In a fifth aspect, embodiments of the present application provide a computer program product containing instructions that, when run on a computer, cause the method according to the first aspect and any one of the possible implementations to be performed.
Drawings
FIG. 1 is a schematic diagram of a slide animation effect provided by an embodiment of the present application;
FIG. 2 is a schematic flowchart illustrating a method for synchronizing voice information and presentation information according to an embodiment of the present application;
FIG. 3 is a schematic diagram of a slide show and track information provided by an embodiment of the present application;
FIG. 4 is a schematic diagram of a voice sequence FIFO queue according to an embodiment of the present application;
FIG. 5 is a schematic diagram of slide content provided by an embodiment of the present application;
FIG. 6 is a diagram illustrating the inclusion and overlap relationship between presentation information blocks according to an embodiment of the present application;
FIG. 7 is a schematic diagram of batch-to-batch matching provided by an embodiment of the present application;
fig. 8 is a schematic structural diagram of a device for synchronizing speech information and presentation information according to an embodiment of the present application;
fig. 9 is a schematic structural diagram of a device for synchronizing voice information and presentation information according to an embodiment of the present application.
Detailed Description
The slide is also called demonstration manuscript and brief report, and is a playable file made up by using characters and pictures, etc. and adding some special-effect dynamic display effect.
The presenter often uses animation effects to represent a dynamic process when making slides corresponding to the content of the presentation. For example, a separate border may be overlaid on a piece of text to highlight it, or a series of text boxes may be displayed in sequence to characterize its sequence. The actions (display, disappearance, movement, etc.) of elements (or "objects") in these animations can be triggered by events (e.g., keyboard, mouse actions, timers, etc.).

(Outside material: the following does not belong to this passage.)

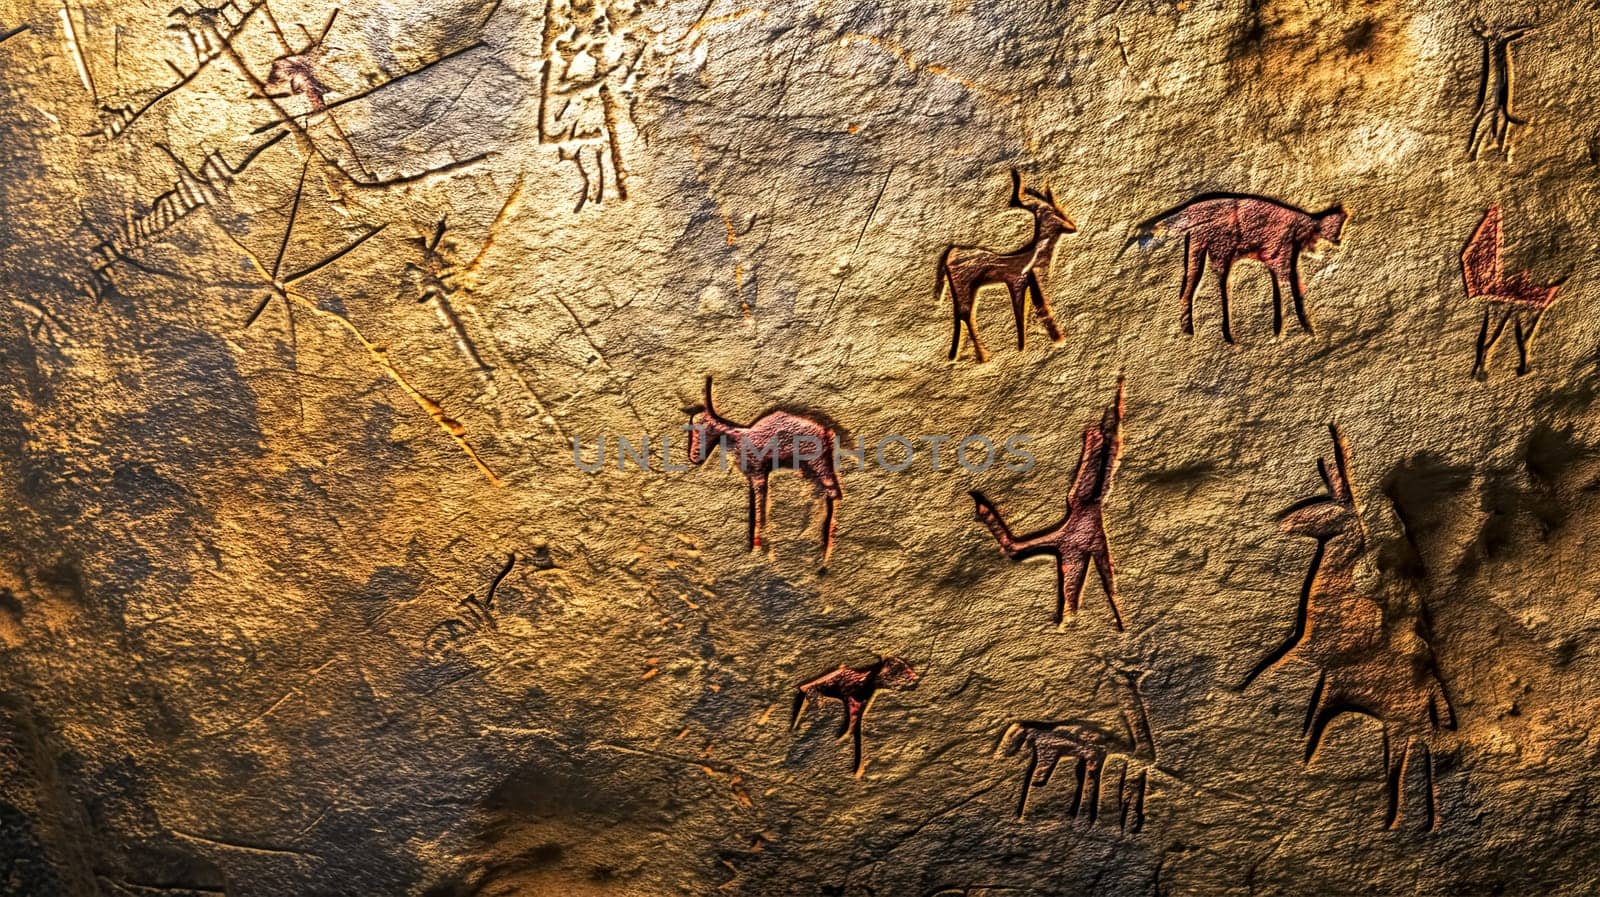 Ancient cave art depicting various animals and figures, etched onto a textured rock surface, illuminated to enhance the depth and detail of the primitive drawings by Edophoto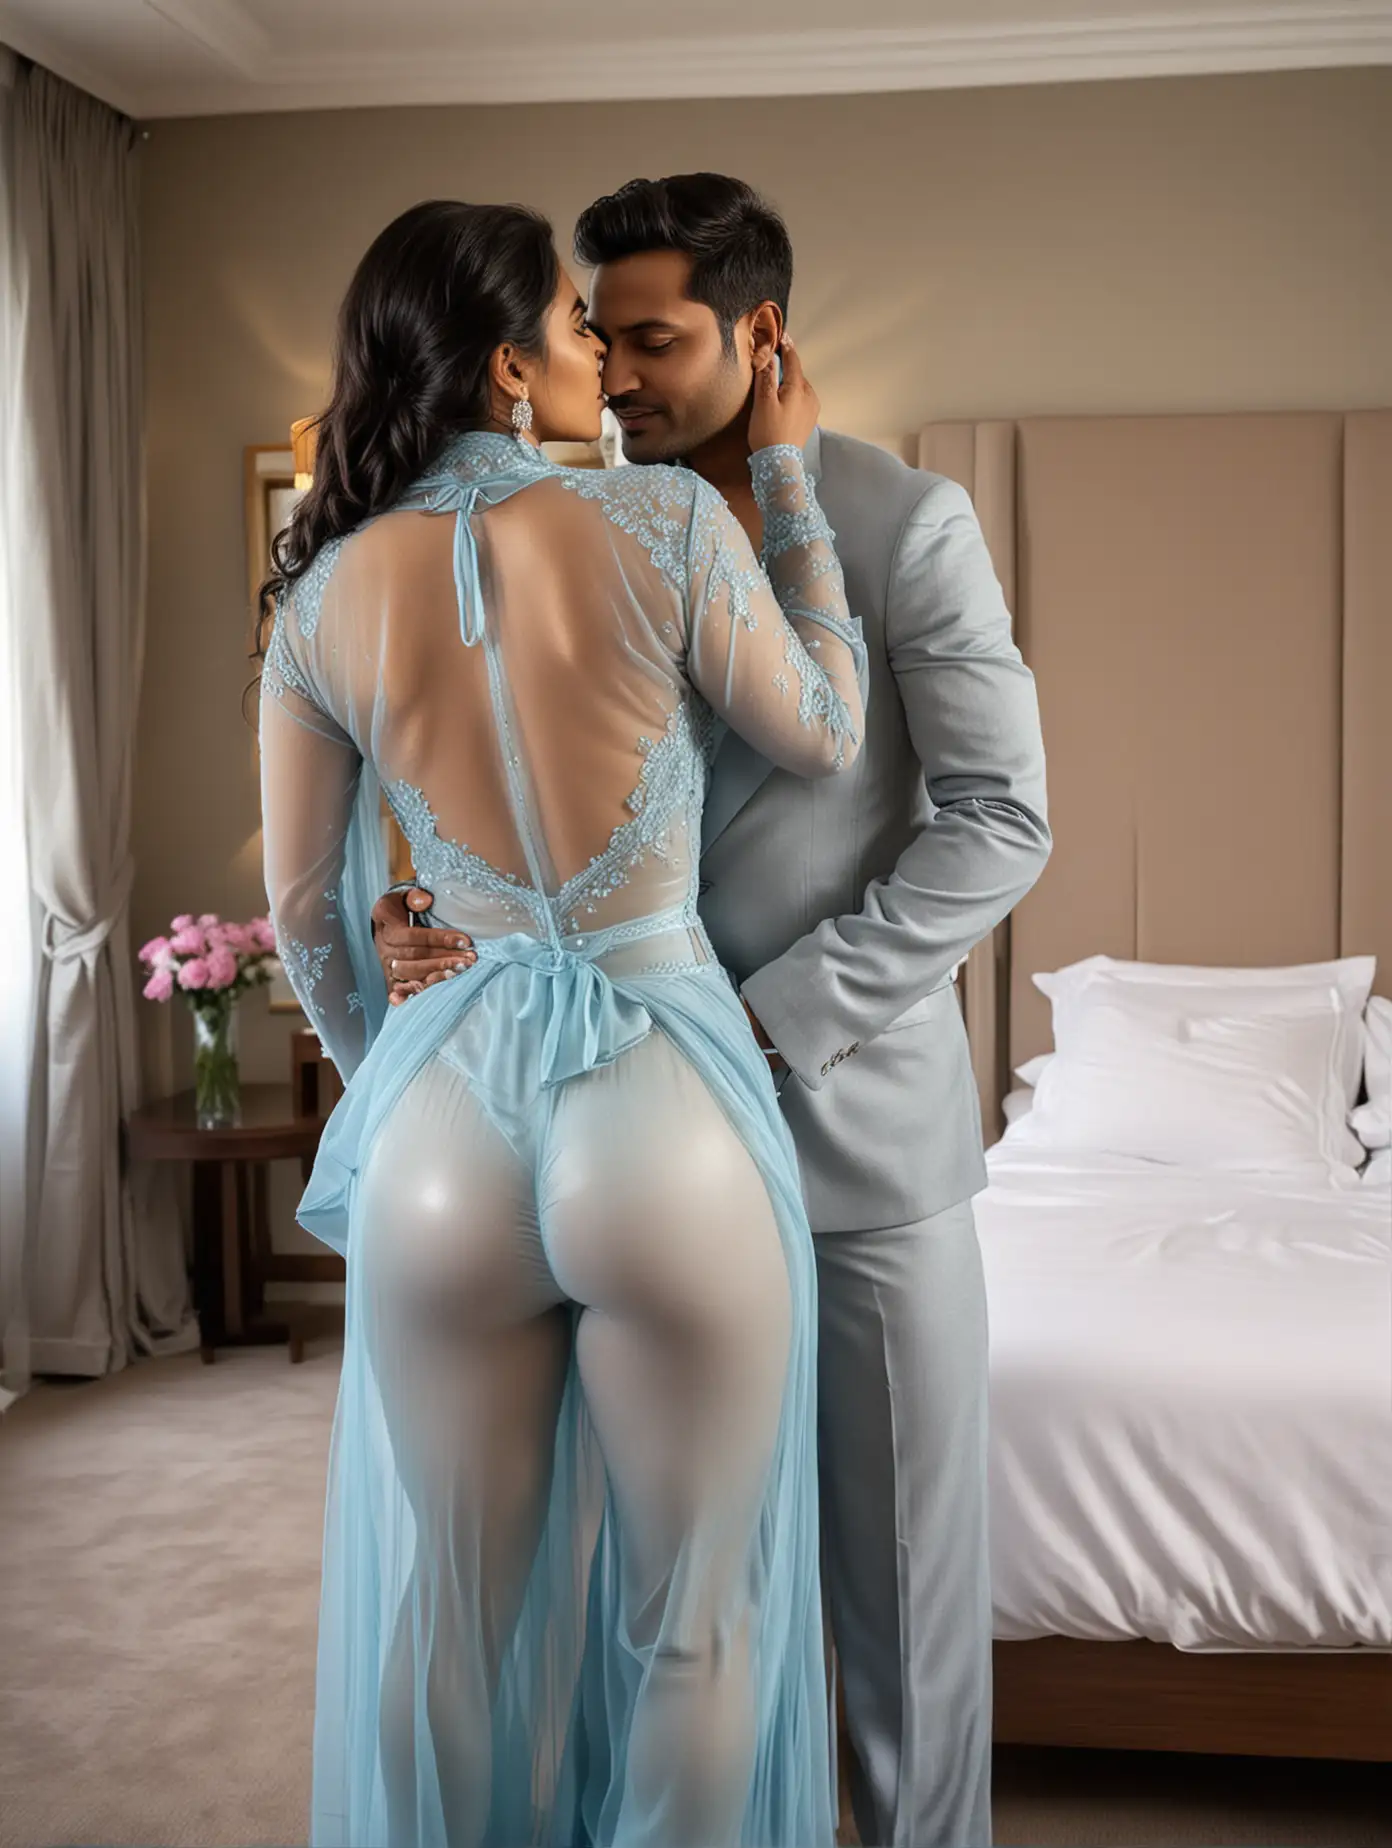 Generate full  body back view image of a 45 year old very busty and curvy Indian woman  wearing skin tight very shining sky blue see through full transparent chiffon full sleeve and  full pant  bodysuit  standing with  her boyfriend wearing formal grey suit in a heritage hotel bedroom and hugging her from behind

For example, a slide has three important elements a, B and C to be introduced with emphasis, as shown in a in fig. 1, and the user wants to highlight the text boxes a, B and C in sequence during the explanation process. Generally, a user needs to set the highlighted animation effect of each text box and set the sequence of the animation effects; further, it may be necessary to set a trigger condition for each box animation effect separately (for example, clicking a mouse). When the user is presenting to the page, a picture as shown in a in fig. 1 is displayed first; when the user clicks the mouse, the textbox a is highlighted, as shown in b of fig. 1; when the user clicks the mouse again, the text box A is not highlighted, and the text box B is highlighted, as shown in c in FIG. 1; when the user clicks the mouse again, text box B is de-highlighted and text box C is highlighted, as shown at d in FIG. 1.
This highlighting scheme helps the listener to focus on the current main information, while minimizing the influence of other contents on the screen to improve the performance of the speech. Therefore, the setting of highlighting a presentation file is widely applied to the production of the presentation file. However, this requires the user to spend a lot of time manually designing all details of the animation, which is cumbersome; and the user needs to operate a mouse, a keyboard and the like to trigger the animation display in the demonstration process.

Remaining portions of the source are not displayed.